▸ Exercise description: Nothing is to be left out; print all the entries exactly.

▸ Supplied records:

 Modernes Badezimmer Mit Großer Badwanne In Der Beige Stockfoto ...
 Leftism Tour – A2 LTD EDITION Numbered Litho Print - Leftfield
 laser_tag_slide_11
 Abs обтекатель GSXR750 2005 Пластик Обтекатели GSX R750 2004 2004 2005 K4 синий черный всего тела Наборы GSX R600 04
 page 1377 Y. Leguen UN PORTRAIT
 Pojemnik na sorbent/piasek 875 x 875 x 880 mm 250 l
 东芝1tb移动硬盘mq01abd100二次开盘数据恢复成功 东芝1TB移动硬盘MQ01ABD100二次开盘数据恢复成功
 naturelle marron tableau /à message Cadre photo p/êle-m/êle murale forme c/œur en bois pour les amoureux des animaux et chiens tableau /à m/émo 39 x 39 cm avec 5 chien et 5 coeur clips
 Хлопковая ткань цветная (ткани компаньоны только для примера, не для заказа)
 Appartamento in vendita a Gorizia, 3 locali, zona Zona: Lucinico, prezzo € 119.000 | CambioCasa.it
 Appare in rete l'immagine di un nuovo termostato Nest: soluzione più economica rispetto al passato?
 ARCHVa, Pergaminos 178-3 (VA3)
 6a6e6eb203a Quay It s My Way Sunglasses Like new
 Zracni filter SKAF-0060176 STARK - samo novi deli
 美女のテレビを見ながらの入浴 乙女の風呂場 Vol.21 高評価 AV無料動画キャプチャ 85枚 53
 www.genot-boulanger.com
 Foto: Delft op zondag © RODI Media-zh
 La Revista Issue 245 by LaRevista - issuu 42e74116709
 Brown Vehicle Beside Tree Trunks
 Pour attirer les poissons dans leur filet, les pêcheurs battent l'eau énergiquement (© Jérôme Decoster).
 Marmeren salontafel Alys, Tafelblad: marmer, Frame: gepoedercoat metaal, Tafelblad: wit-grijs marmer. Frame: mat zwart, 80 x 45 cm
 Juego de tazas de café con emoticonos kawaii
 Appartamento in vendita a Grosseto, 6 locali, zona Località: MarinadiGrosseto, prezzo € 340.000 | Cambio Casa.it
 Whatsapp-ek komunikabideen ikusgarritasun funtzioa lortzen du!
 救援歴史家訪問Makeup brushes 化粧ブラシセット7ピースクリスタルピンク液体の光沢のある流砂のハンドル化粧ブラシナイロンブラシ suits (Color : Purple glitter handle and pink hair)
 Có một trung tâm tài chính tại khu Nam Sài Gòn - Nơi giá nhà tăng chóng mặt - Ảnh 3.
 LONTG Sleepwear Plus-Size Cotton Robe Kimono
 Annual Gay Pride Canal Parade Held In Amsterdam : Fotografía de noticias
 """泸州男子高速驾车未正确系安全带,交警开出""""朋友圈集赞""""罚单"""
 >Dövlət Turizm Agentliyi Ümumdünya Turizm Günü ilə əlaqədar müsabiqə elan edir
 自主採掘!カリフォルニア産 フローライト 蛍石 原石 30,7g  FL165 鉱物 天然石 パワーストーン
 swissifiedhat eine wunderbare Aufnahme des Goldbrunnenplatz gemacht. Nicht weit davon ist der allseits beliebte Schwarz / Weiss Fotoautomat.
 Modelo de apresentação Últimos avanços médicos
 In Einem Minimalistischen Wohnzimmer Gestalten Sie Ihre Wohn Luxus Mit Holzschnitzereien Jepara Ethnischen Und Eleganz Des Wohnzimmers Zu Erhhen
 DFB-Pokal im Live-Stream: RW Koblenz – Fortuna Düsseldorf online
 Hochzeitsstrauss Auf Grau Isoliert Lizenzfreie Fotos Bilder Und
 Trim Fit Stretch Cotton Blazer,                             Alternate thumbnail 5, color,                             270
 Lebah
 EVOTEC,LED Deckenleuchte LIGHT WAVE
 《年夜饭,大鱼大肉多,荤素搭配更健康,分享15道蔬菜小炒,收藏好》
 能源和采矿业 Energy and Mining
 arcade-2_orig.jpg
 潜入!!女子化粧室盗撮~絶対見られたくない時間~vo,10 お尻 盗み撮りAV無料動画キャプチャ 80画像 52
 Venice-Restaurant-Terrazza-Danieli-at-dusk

▸ Task solution:
 Modernes Badezimmer Mit Großer Badwanne In Der Beige Stockfoto ...
 Leftism Tour – A2 LTD EDITION Numbered Litho Print - Leftfield
 laser_tag_slide_11
 Abs обтекатель GSXR750 2005 Пластик Обтекатели GSX R750 2004 2004 2005 K4 синий черный всего тела Наборы GSX R600 04
 page 1377 Y. Leguen UN PORTRAIT
 Pojemnik na sorbent/piasek 875 x 875 x 880 mm 250 l
 东芝1tb移动硬盘mq01abd100二次开盘数据恢复成功 东芝1TB移动硬盘MQ01ABD100二次开盘数据恢复成功
 naturelle marron tableau /à message Cadre photo p/êle-m/êle murale forme c/œur en bois pour les amoureux des animaux et chiens tableau /à m/émo 39 x 39 cm avec 5 chien et 5 coeur clips
 Хлопковая ткань цветная (ткани компаньоны только для примера, не для заказа)
 Appartamento in vendita a Gorizia, 3 locali, zona Zona: Lucinico, prezzo € 119.000 | CambioCasa.it
 Appare in rete l'immagine di un nuovo termostato Nest: soluzione più economica rispetto al passato?
 ARCHVa, Pergaminos 178-3 (VA3)
 6a6e6eb203a Quay It s My Way Sunglasses Like new
 Zracni filter SKAF-0060176 STARK - samo novi deli
 美女のテレビを見ながらの入浴 乙女の風呂場 Vol.21 高評価 AV無料動画キャプチャ 85枚 53
 www.genot-boulanger.com
 Foto: Delft op zondag © RODI Media-zh
 La Revista Issue 245 by LaRevista - issuu 42e74116709
 Brown Vehicle Beside Tree Trunks
 Pour attirer les poissons dans leur filet, les pêcheurs battent l'eau énergiquement (© Jérôme Decoster).
 Marmeren salontafel Alys, Tafelblad: marmer, Frame: gepoedercoat metaal, Tafelblad: wit-grijs marmer. Frame: mat zwart, 80 x 45 cm
 Juego de tazas de café con emoticonos kawaii
 Appartamento in vendita a Grosseto, 6 locali, zona Località: MarinadiGrosseto, prezzo € 340.000 | Cambio Casa.it
 Whatsapp-ek komunikabideen ikusgarritasun funtzioa lortzen du!
 救援歴史家訪問Makeup brushes 化粧ブラシセット7ピースクリスタルピンク液体の光沢のある流砂のハンドル化粧ブラシナイロンブラシ suits (Color : Purple glitter handle and pink hair)
 Có một trung tâm tài chính tại khu Nam Sài Gòn - Nơi giá nhà tăng chóng mặt - Ảnh 3.
 LONTG Sleepwear Plus-Size Cotton Robe Kimono
 Annual Gay Pride Canal Parade Held In Amsterdam : Fotografía de noticias
 """泸州男子高速驾车未正确系安全带,交警开出""""朋友圈集赞""""罚单"""
 >Dövlət Turizm Agentliyi Ümumdünya Turizm Günü ilə əlaqədar müsabiqə elan edir
 自主採掘!カリフォルニア産 フローライト 蛍石 原石 30,7g  FL165 鉱物 天然石 パワーストーン
 swissifiedhat eine wunderbare Aufnahme des Goldbrunnenplatz gemacht. Nicht weit davon ist der allseits beliebte Schwarz / Weiss Fotoautomat.
 Modelo de apresentação Últimos avanços médicos
 In Einem Minimalistischen Wohnzimmer Gestalten Sie Ihre Wohn Luxus Mit Holzschnitzereien Jepara Ethnischen Und Eleganz Des Wohnzimmers Zu Erhhen
 DFB-Pokal im Live-Stream: RW Koblenz – Fortuna Düsseldorf online
 Hochzeitsstrauss Auf Grau Isoliert Lizenzfreie Fotos Bilder Und
 Trim Fit Stretch Cotton Blazer,                             Alternate thumbnail 5, color,                             270
 Lebah
 EVOTEC,LED Deckenleuchte LIGHT WAVE
 《年夜饭,大鱼大肉多,荤素搭配更健康,分享15道蔬菜小炒,收藏好》
 能源和采矿业 Energy and Mining
 arcade-2_orig.jpg
 潜入!!女子化粧室盗撮~絶対見られたくない時間~vo,10 お尻 盗み撮りAV無料動画キャプチャ 80画像 52
 Venice-Restaurant-Terrazza-Danieli-at-dusk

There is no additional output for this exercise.